Консепсьон пристально посмотрела на меня.
— Значит, ты тоже это понял? — тихо проговорила она.
— Да, Консепсьон… Поэтому-то я и еду в Триану и буду ждать тебя там.
— Ты будешь ждать меня? Но зачем?
— Чтобы умереть.
Эпилог
30 сентября.
Я продолжаю эту исповедь после месячного перерыва. Завтра я выхожу из больницы, и мне трудно вспоминать о той кошмарной ночи, когда я ждал неминуемой смерти. Тогда, в первых лучах рассвета, я поставил точку, полагая, что мой рассказ закончен. Я надеялся, что, убив меня, как убила остальных, Консепсьон прочтет эти строки. Кто знает, быть может, угрызения совести вернут ей рассудок? К утру чисто животный страх смерти исчез. Я уже не боялся отправиться к Луису, Гарсии, Алохе, Ламорильо и несчастному Пакито, невольному виновнику этой ужасной драмы. Сумрак все еще цеплялся за крыши Севильи. Я в последний раз помолился Нуэстра Сеньора де ла Эсперанца, покровительнице Трианы, всегда помогавшей мне, и попросил защиты в этот прощальный час.
А потом я скорее почувствовал, чем услышал, приглушенные, крадущиеся шаги. Итак, мои предвидения оправдались. Как ни странно, это доставило мне какое-то мрачное наслаждение. Прислушиваясь к легким, почти воздушным шагам на лестнице, я укладывал исписанные листы в картонную папку. Вот она поднялась на последнюю ступеньку… дошла до моей площадки… Затаив дыхание, я услышал, как она тихонько скребется в дверь, а потом до меня долетел шепот:
— Это я… Эстебан…
И тогда медленно, очень медленно я встал и спокойно, не повышая голоса, позвал:
— Входи, Консепсьон…
Дверь бесшумно отворилась. На пороге с револьвером в руке стояла та, которую я так и не смог возненавидеть. Я улыбнулся.
— Я ждал тебя, моя дорогая…
А потом я закрыл глаза, чтобы не видеть, как она стреляет, и до самого конца сохранить надежду. Мне показалось, что прогремело несколько выстрелов, хотя я почувствовал лишь один резкий толчок в грудь. А дальше ничего не помню.
Я пришел в себя в белоснежной комнате. На стуле у изголовья моей постели сидел дон Фелипе. Он улыбался.
— Ну, дон Эстебан, вы все-таки наконец решились вернуться к нам?
Я обвел глазами комнату.
— Где мы?
— В больнице Святой Марии.
— Так, значит, я не умер… — довольно глупо заметил я.
— Нет, но были на волосок от этого — пуля едва не задела сердце. — И он смеясь добавил: — Надо думать, Бог не пожелал допустить гибели человека, так хорошо знающего тореро и быков. Через две недели вы будете на ногах и сможете больше ничего не опасаться. Дело окончено.
Я это уже знал. Раз я не умер, значит, ее, несомненно, больше нет на свете. На глазах у меня выступили слезы.
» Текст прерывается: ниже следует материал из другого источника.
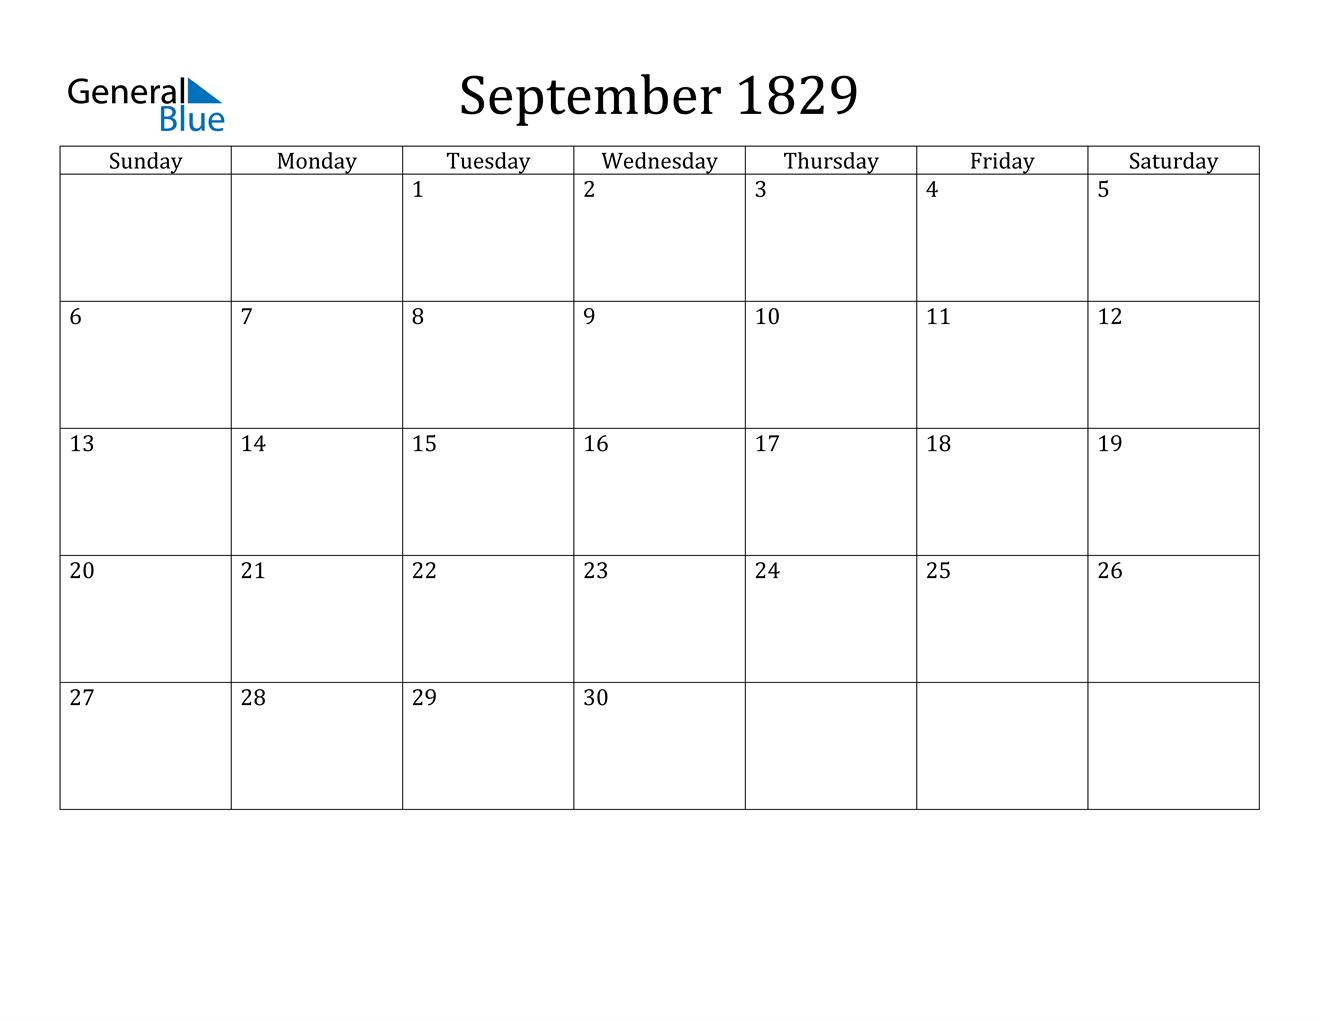 Image of September 1829 Calendar

— Вы успели прийти вовремя?
— Нет, поскольку вы получили-таки пулю.
— Дон Фелипе, а что вы сделали с…
— Застрелил на месте.
Теперь уже слезы безудержно струились по моим щекам. Марвин нагнулся совсем близко.
— Ну-ну, дон Эстебан, что с вами? Вот не думал, что эта смерть до такой степени вас взволнует.
— Я любил ее… и сейчас люблю…
И тут раздался голос, которого, как мне казалось я больше никогда не услышу.
— Я тоже люблю тебя, Эстебанито…
Дону Фелипе пришлось меня удерживать — иначе я бы вскочил. У постели появилась Консепсьон.
— Ты… ты! — только и смог пробормотать я.
Консепсьон наклонилась и поцеловала меня в лоб.
— Ты и в самом деле думал, что я сошла с ума, Эстебанито? И ты мог вообразить, будто я настолько изменилась? Ну мне ли стать преступницей?
Я окончательно перестал что-либо понимать. В разговор снова вступил Марвин.
— Вы ошиблись. Убийцей был дон Амадео.
— Дон Амадео? Но почему? Зачем?
— Да просто его звали не Амадео Рибальта, а Хуан Лакапас.
— Лакапас? Как…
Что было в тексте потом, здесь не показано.